Second, it seems to me that the detailed topological aspect of this architecture is relatively unimportant for this paper. In particular, if we know the required classical communication, and we can create general graph states, then the details of the topological CNOT are not needed to understand this paper. Moreover, the description of the topological CNOT on pages 4 and 5 makes sense only when you already know how it works, in which case it is redundant. I think it is best to drop section 2 altogether: it is not needed to understand the remainder of the paper, and it is not sufficiently detailed to learn about topological codes from it.
After a good deal of thought and debate among the authors, we politely disagree, and ask to keep this section as-is. The reviewer is correct that Sec. 2 alone is insufficient to understand tQEC; indeed, tQEC is an extremely difficult topic and even full-length tutorials require diligence to grasp.
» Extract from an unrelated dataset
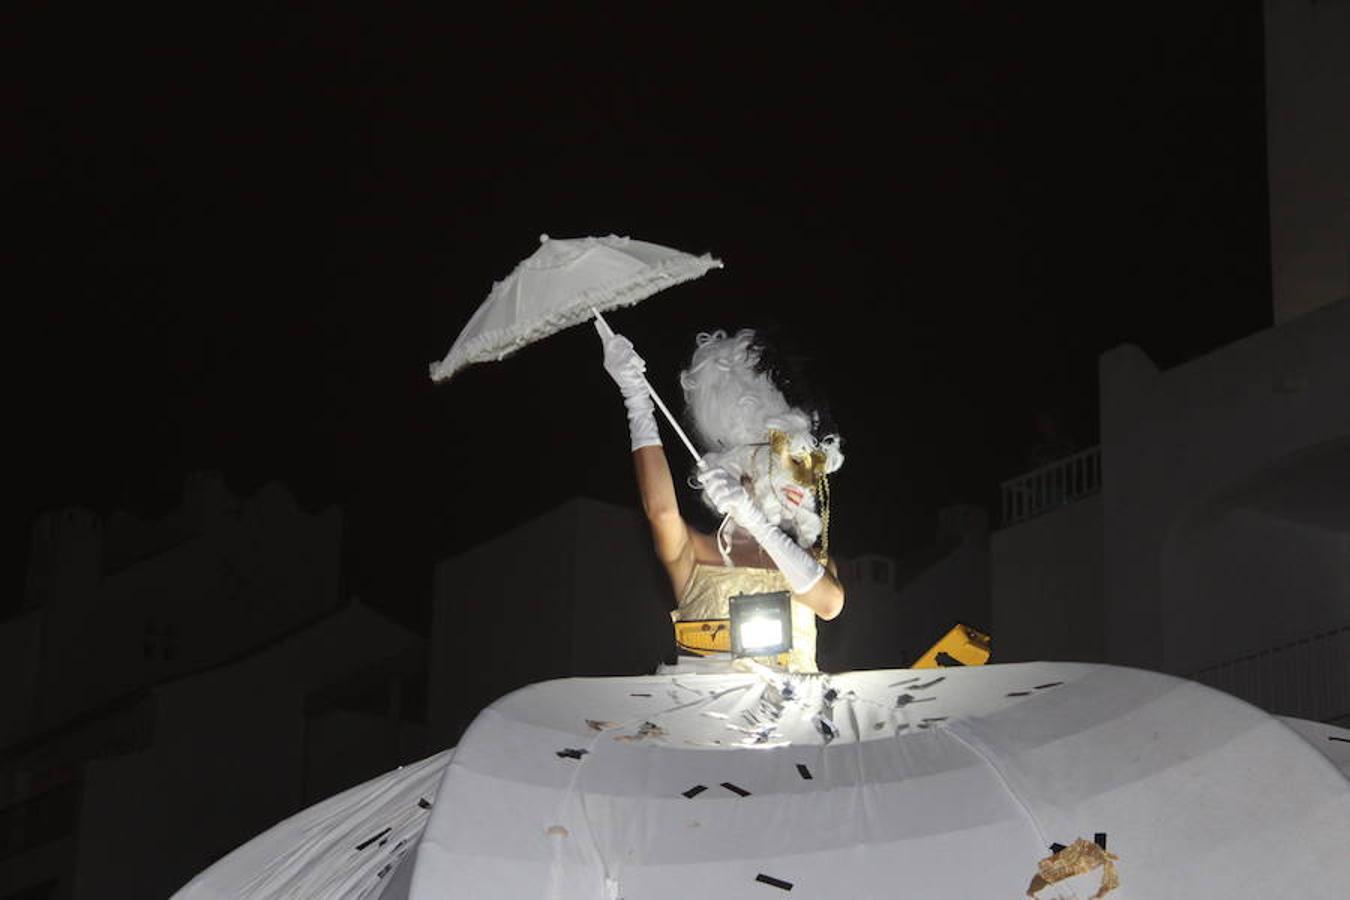 Almerimar vive su VII Noche en Vela

Our purpose in the section is not to detail tQEC, but to (a) establish a vocabulary for use later in the paper, (b) describe broadly how we expect tQEC to be implemented on our architecture (including introducing the issues of hard fault tolerance and the singular factory resource requirements), and (c) help the reader understand which of the numerous references are most relevant to our system. We believe that if we deleted Sec. 2, that in fact most of the text would ultimately have to be sprinkled throughout other sections in the paper, disrupting their flow and making the paper harder to read, rather than easier.
Finally, there are a number of serious omissions in the references. The recent paper by Stace, Barrett, and Doherty (http://link.aps.org/doi/10.1103/PhysRevLett.102.200501
) should be cited in the context of qubit loss in surface codes. This is an extremely relevant result for this work, since it shows how to deal with (among other things) fabrication errors in the chip. Other papers that must be cited are references for distributed quantum computing, in particular the paper by Barrett and Kok (http://link.aps.org/doi/10.1103/PhysRevA.71.060310
), and the paper by Lim, Beige, and Kwek (http://link.aps.org/doi/10.1103/PhysRevLett.95.030505
). These show how to create arbitrary graph states based on probabilistic parity gates. Finally, the original paper demonstrating the idea of the parity gate based on a quantum bus is Barrett et al (http://link.aps.org/doi/10.1103/PhysRevA.71.060302
We expanded the discussion of physical gates in Sec. 3.3 to include most of these references. The paper on dynamic loss of lattice qubits is cited in the new introduction to Sec. 2.